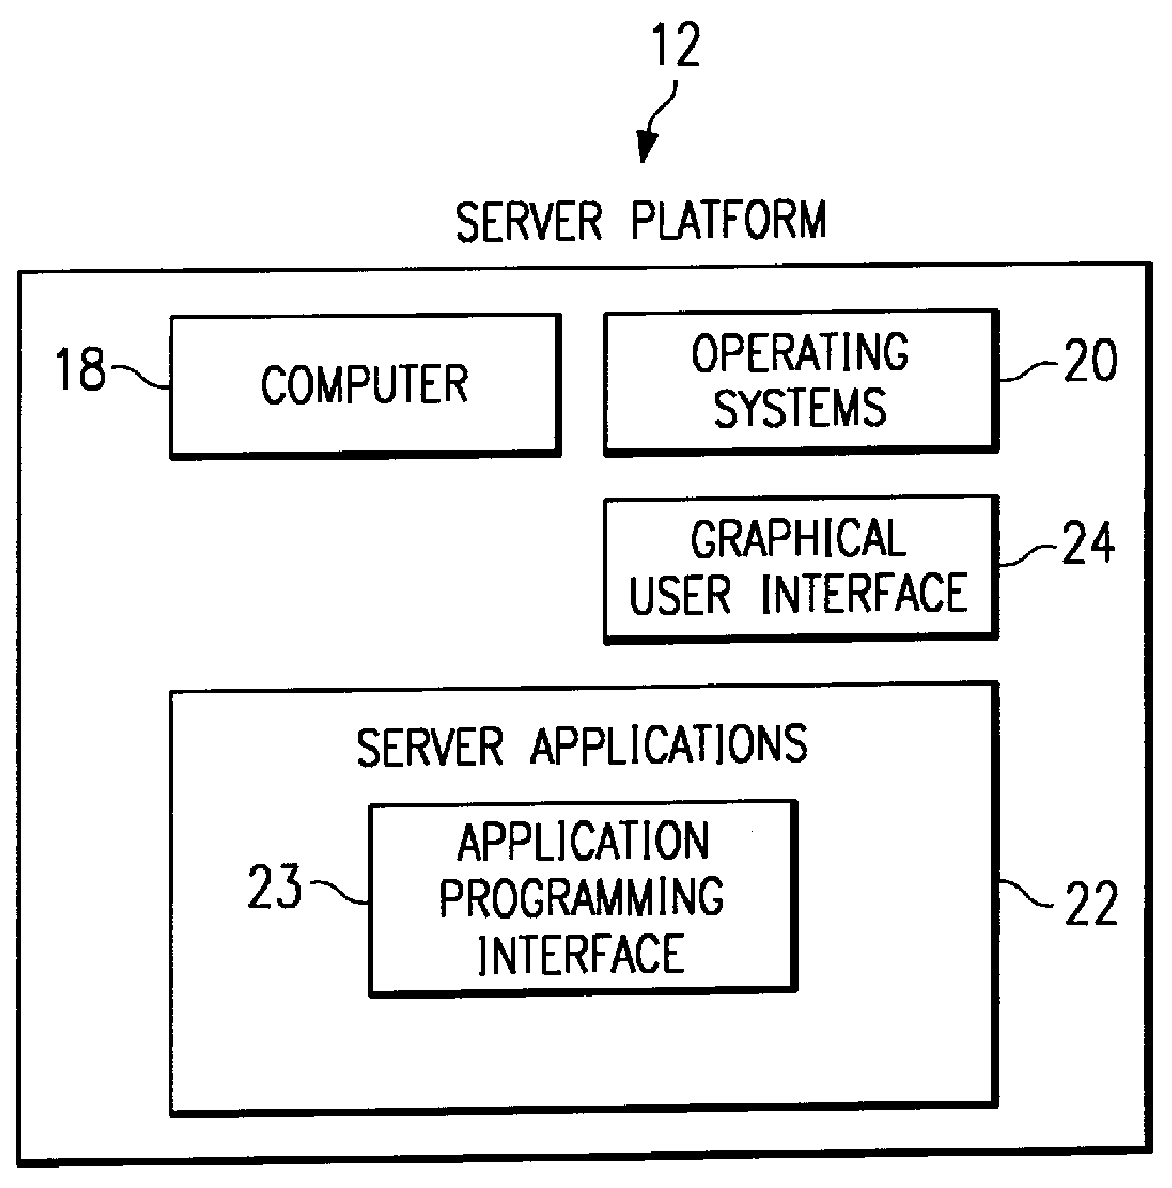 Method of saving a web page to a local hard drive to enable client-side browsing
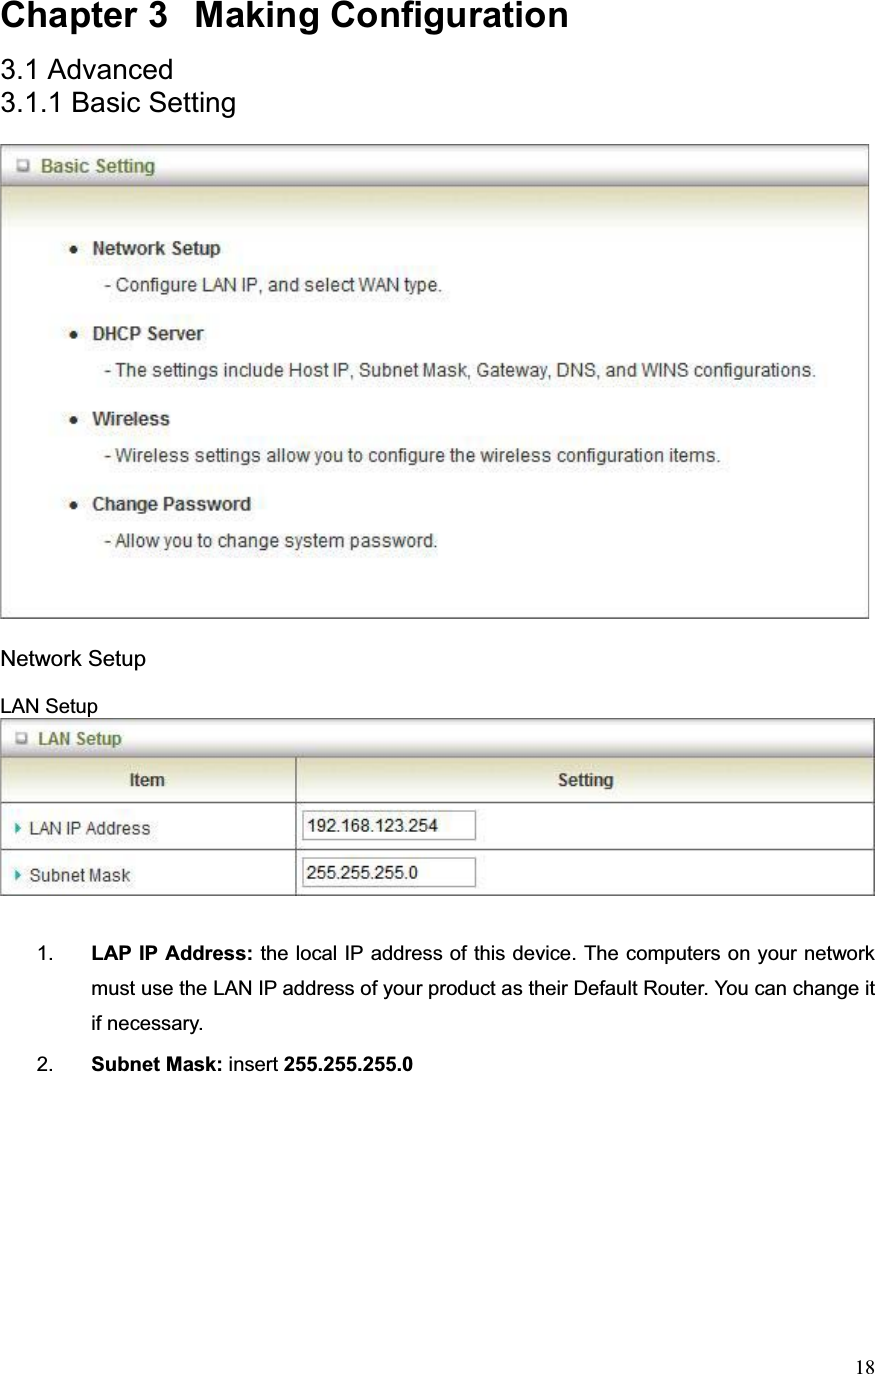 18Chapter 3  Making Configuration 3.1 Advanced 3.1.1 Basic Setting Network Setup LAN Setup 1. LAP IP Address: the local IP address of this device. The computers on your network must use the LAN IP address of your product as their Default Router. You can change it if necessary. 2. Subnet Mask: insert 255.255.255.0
__________________________________________________
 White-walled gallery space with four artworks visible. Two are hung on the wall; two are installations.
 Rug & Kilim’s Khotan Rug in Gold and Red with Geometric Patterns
__________________________________________________
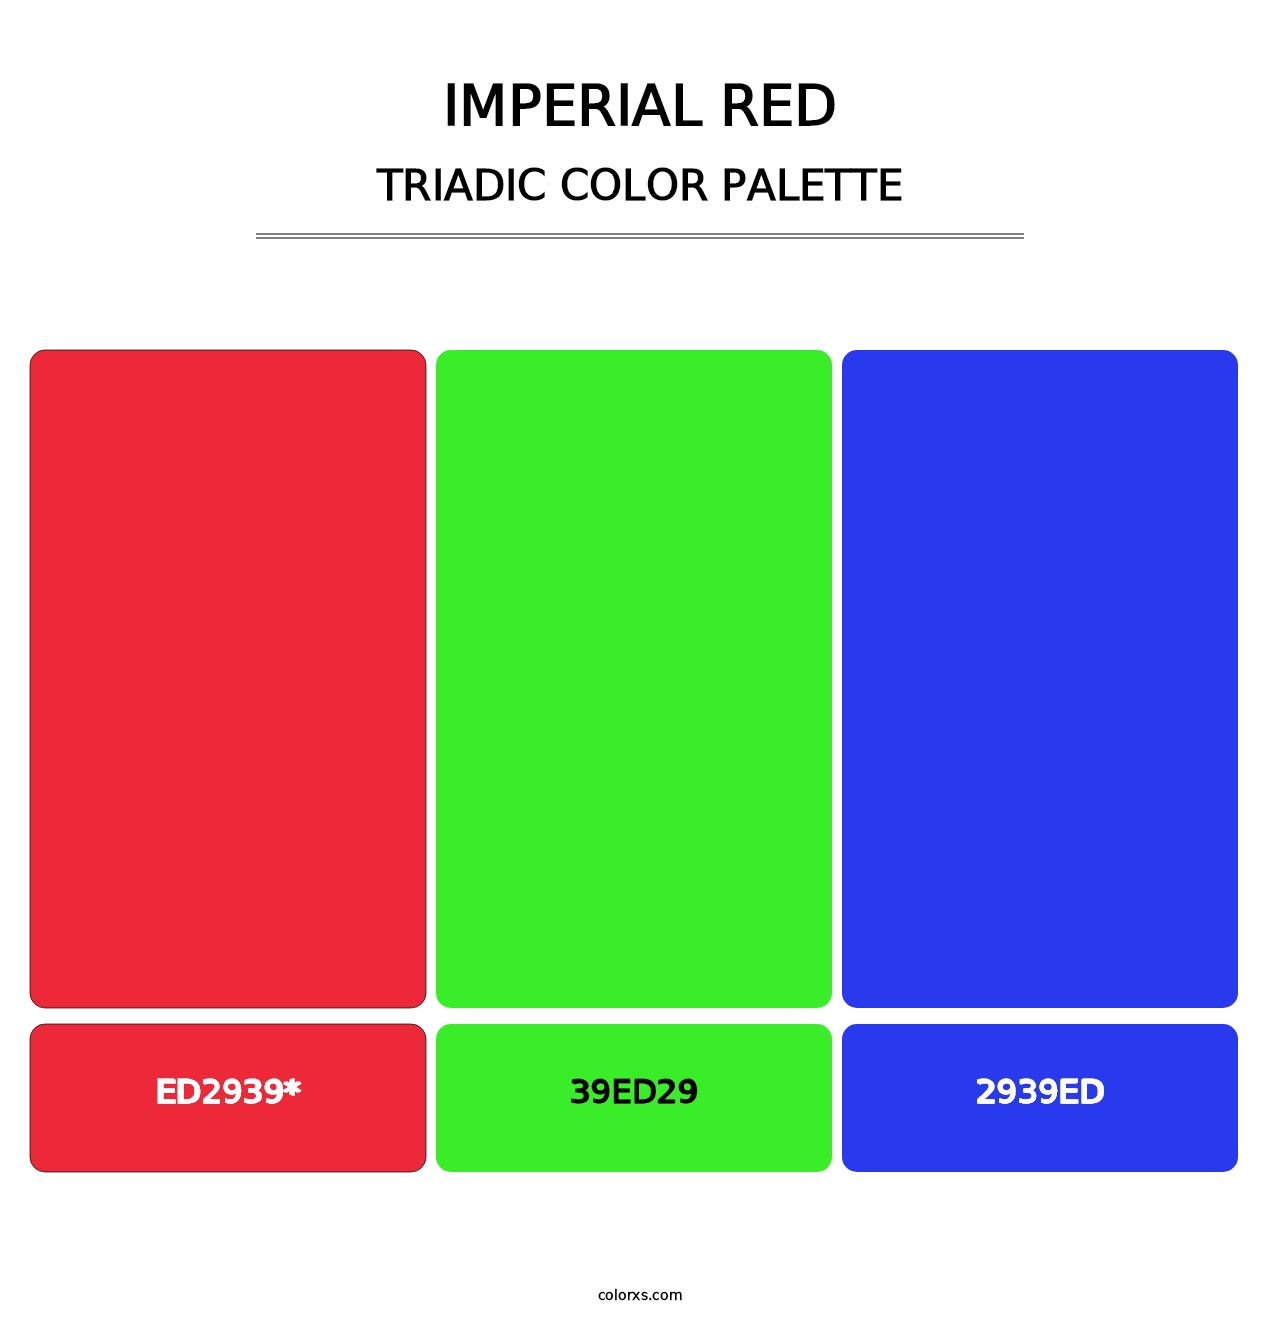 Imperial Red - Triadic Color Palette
__________________________________________________
◆ Exercise directions: Starting with the line that has "Method of saving" and ending with the line that has "Mask: insert 255.255.255.0", repeat the lines above exactly, omitting every picture.

◆ Task response:
 Method of saving a web page to a local hard drive to enable client-side browsing
 18Chapter 3  Making Configuration 3.1 Advanced 3.1.1 Basic Setting Network Setup LAN Setup 1. LAP IP Address: the local IP address of this device. The computers on your network must use the LAN IP address of your product as their Default Router. You can change it if necessary. 2. Subnet Mask: insert 255.255.255.0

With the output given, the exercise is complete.